Un estuche útil para esta detección y/o valoración de ácido nucleico en una muestra biológica comprende los elementos siguientes: (i) una sonda según la invención, (ii) los reactivos necesarios para la aplicación de una reacción de hibridación, llegado el caso, (iii) un par de cebadores según la invención, así como los reactivos necesarios para una reacción de amplificación del ADN.

La invención se refiere particularmente a los procedimientos según la invención y descritos anteriormente para la detección y el diagnóstico de proliferación celular, y más particularmente de proliferación celular de origen canceroso.
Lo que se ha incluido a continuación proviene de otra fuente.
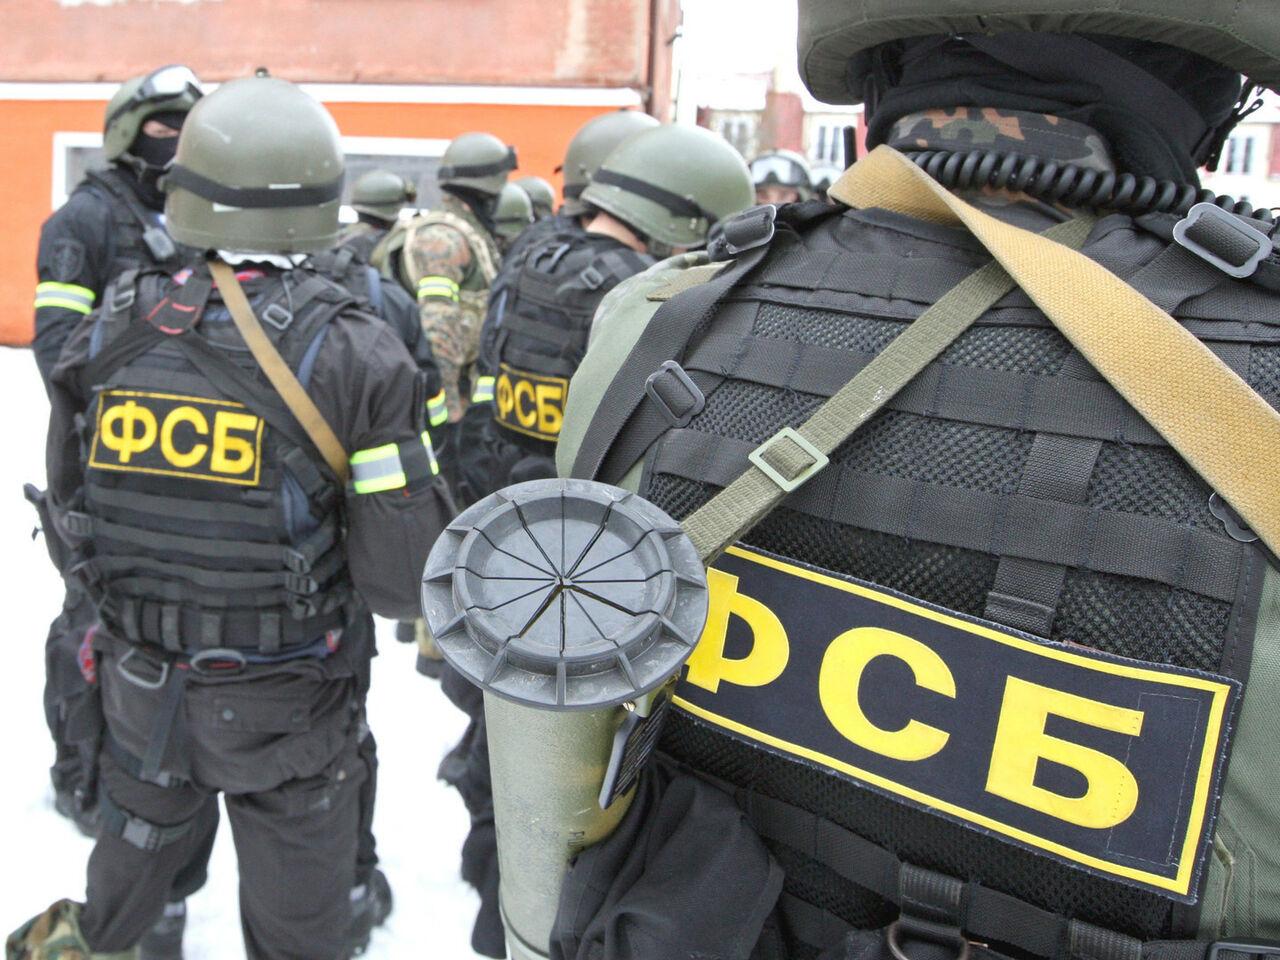 Русские СМИ говорили о задержании в столице неменее 25 подозреваемых вэкстремизме

La invención se refiere igualmente a un procedimiento de cribado de ligandos susceptibles de afectar a la actividad de transcripción de un gen cuyo promotor comprende las secuencias CCAAT y/o CCAAT inversa susceptibles de ligarse con un polipéptido según la invención, estando caracterizado dicho procedimiento porque comprende las etapas siguientes de puesta en contacto de dicho polipéptido y uno o varios ligandos potenciales en presencia de los reactivos necesarios para la aplicación de una reacción de transcripción o de detección y/o la medida de la actividad transcripcional. Es igualmente uno de los objetos de la invención proporcionar un kit o un estuche para el cribado de ligandos susceptibles de afectar a la actividad transcripcional de un gen cuyo promotor comprende las secuencias CCAAT y/o CCAAT inversa susceptibles de ligarse con un polipéptido según la invención, caracterizado porque comprende los elementos siguiente: (i) un polipéptido según la invención; (ii) un ligando; (iii) los reactivos necesarios para la aplicación de una reacción de transcripción.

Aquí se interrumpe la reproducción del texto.